Conocímos al poeta argentino Octavio José Oliverio Girondo – conocido como Oliverio Girondo – que nos sorprendió con un estilo de poesía fácil y ligero en su aparencia pero produndo e inesperado en su extensión. Para poder saber más de él, recomendamos la lectura de número 48 de Poesía más Poesía.
CONFIDENCIA PROSAICA
Yo también
¡Sí! Yo tengo
-¿por qué no confesarlo?-
un pequeño fantasma,
un duende de familia.
No vaya a suponerse que mi pequeño duende
sea un fantasma hierático,
espectral,
de castillo;
uno de esos fantasmas que arrastran el espanto
entre viejas panoplias
y gritos coagulados,
o delatan incestos
dentro de una armadura,
cuando el silencio calza las funerarias mallas
con que a Hamlet le place pasearse entre las tumbas.
Mi fantasma es doméstico,
recatado,
apacible.
Jamás le he sorprendido actitudes de almena,
ni lo he visto hospedarse
en la caja de un péndulo,
para que sus entrañas se pueblen de latidos.
Cotidiano,
tranquilo,
modesto,
de bolsillo,
mi pequeño fantasma
no ahuyenta los retratos,
ni adopta almas de piedra
o heráldicas posturas.
Tal cual es,
sin embargo,
engalana mis noches
y es el único lujo de mis horas vacías.
Ya sé que con frecuencia revuelve mis papeles,
esconde alguna carta,
empaña mis anteojos,
me humilla al obligarme
a buscar los gemelos debajo de la cómoda,
me esconde la boquilla;
pero es él quien mitiga la fiebre del insomnio,
quien impide que pierdan el compás las canillas,
quien oprime las llagas de las puertas pintadas
y conforta el silencio,
la soledad,
el frío,
al pasear por los cuartos
su corpórea presencia de fantasma benigno,
de duende que vigila
las sombras
y los ruidos.
EL DULCE MILAGRO
¿Qué es esto? ¡Prodigio! Mis manos florecen.
Rosas, rosas, rosas a mis dedos crecen.
Mi amante besóme las manos y en ellas,
¡Oh, gracia!, brotaron rosas como estrellas.

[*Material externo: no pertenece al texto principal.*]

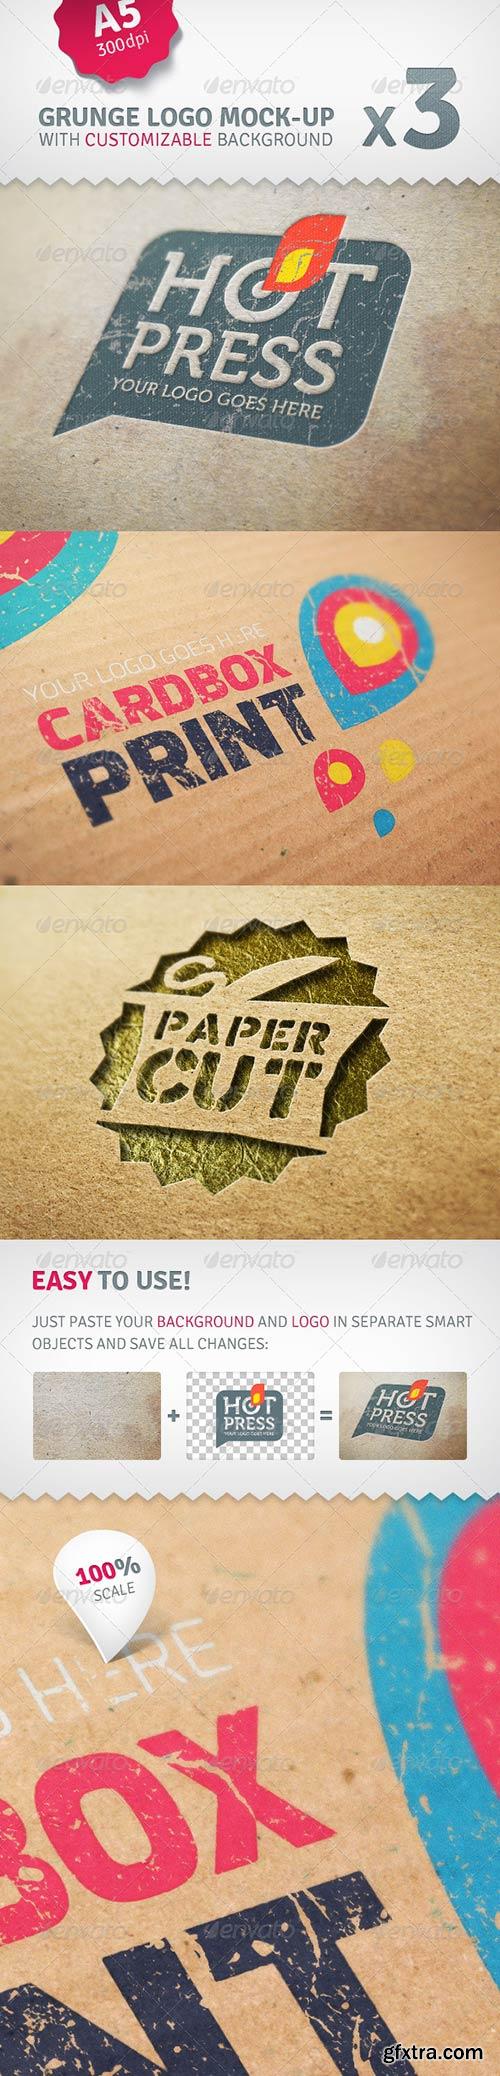 GraphicRiver - Cardboard Logo Mockup Pack With Custom Backgrounds

Y voy por la senda voceando el encanto
y de dicha alterno sonrisa con llanto
y bajo el milagro de mi encantamiento
Se aroman de rosas las alas del viento.
Y murmura al verme la gente que pasa:
-¿No véis que está loca? Tornadla a su casa.
¡Dice que en las manos le han nacido rosas
Y las va agitando como mariposas!
¡Ah, pobre la gente que nunca comprende
Un milagro de éstos y que sólo entiende
Que no nacen rosas más que en los rosales
Y que no hay más trigo que el de los trigales!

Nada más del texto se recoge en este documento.